D. ENLIGHTENMENT COMES FROM FOLLOWING THE EIGHT-FOLD PATH
1. Right Understanding
2. Right Aspiration
3. Right Action
4. Right Speech
5. Right Livelihood
6. Right Effort
7. Right Concentration
8. Right Mindfulness
St. Paul says in Philippians 4:8, “Whatever is true, noble, right, pure, lovely, admirable—if anything is excellent or praiseworthy—think on these things."
II. CHRISTIAN RESPONSES TO SUFFERING
We gather to receive Holy Communion. Have you ever thought how weird a service of Holy Communion must seem to someone who knows not the fundamentals of Christianity? Some of you parents know, because you have to explain it to your sons and daughters. We gather at Holy Communion so we will never forget Christ's crucifixion, which as Paul says, is a stumbling block for the Jews and sheer foolishness to the Gentiles.
So we get in line, receive a pinch of bread and a taste of wine, the unfermented kind that we Methodists have, and we hear the words, “The Body of Christ, broken for you." “The Blood of Christ, shed for you." And every once in a while it clicks. The mystery grips us. Christ really does enter my suffering!

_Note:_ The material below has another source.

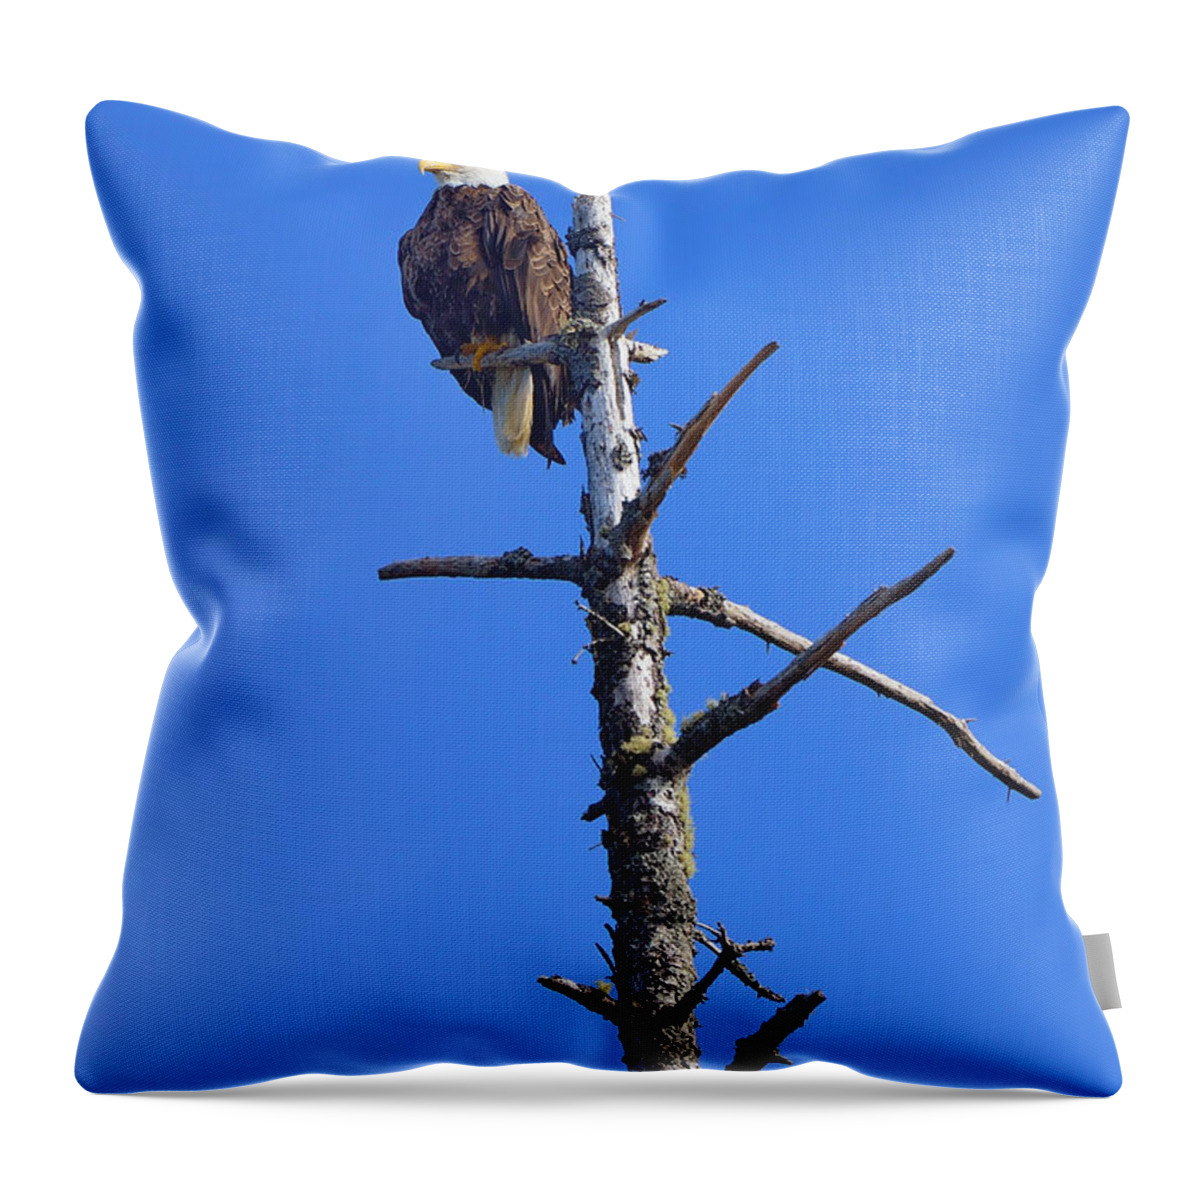 Bald Eagle Throw Pillow featuring the photograph Coastal Bald Eagle by Greg Norrell

I wish you could see the act of Holy Communion through my eyes as I look into the eyes of recipients:
- Eyes troubled by battlefields of our own making and
prisons of our own decisions
- Eyes dimmed by pain that you didn't ask for and don't deserve
- Eyes filled with compassion for others you feel for
- Eyes perplexed by trying to figure it all out.

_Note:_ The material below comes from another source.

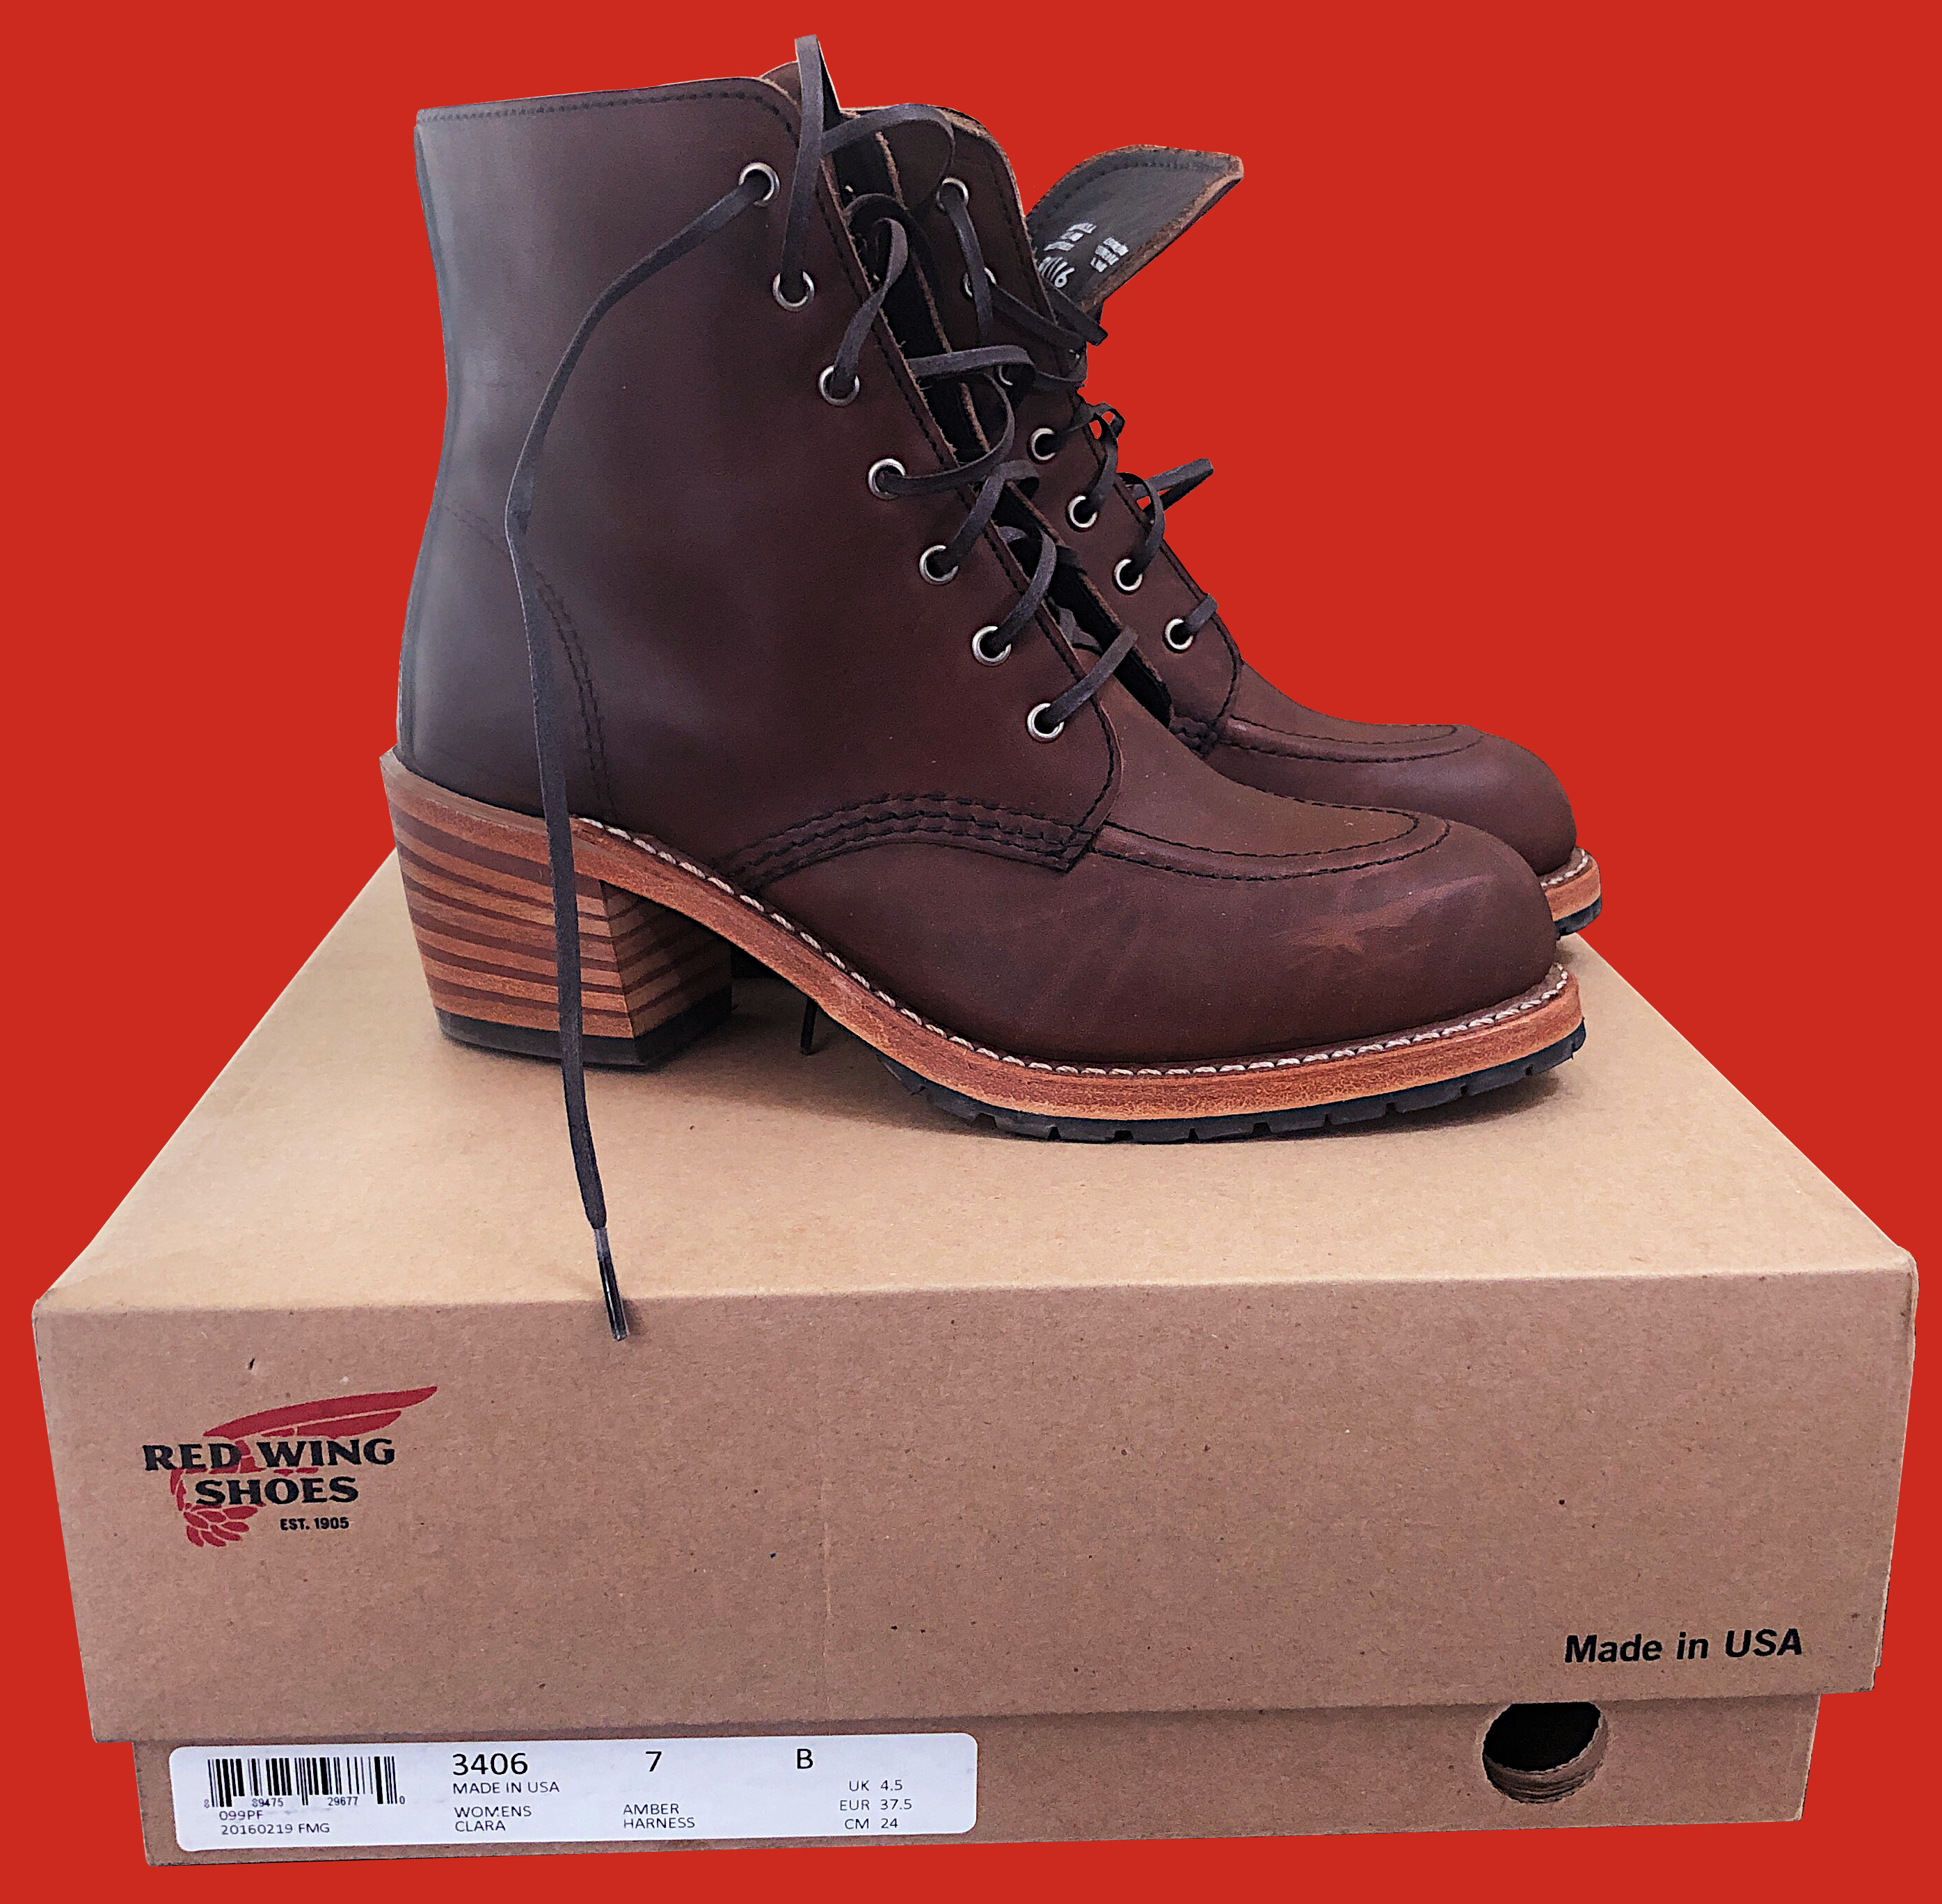 red wings shoes boots

Face after face, person after person, life after life, the Body of Christ, broken for you, the Blood of Christ shed for you, and you, and for you. What would have happened if that mystery really would have come home?
The Son of God suffered unto death, not that we would be kept from suffering, but that our sufferings might be like His. At Communion I think of that old proverb, “Joys shared are doubled and sorrows shared are halved."
At Communion I come to see the redeeming nature of suffering. Even at the cross God was at work, taking the worst of evil and transforming it into a means of salvation for humankind.
Henri Nouwen once said, “Many people do not think they are loved or feel safe and so when suffering comes, they see it an as affirmation of their worthlessness. The great challenge of the spiritual life is to learn to live our brokenness under the blessing and not the curse."
And so it happened that one of my sons said to me as I fought my way back from the curse of cancer, “Dad, you are a better person and a better preacher after cancer than before cancer." With tears in my eyes, I said, “Oh, I hope so. Oh, by God's grace, I hope so."
So never let your suffering go to waste. Redeem it for the glory of God.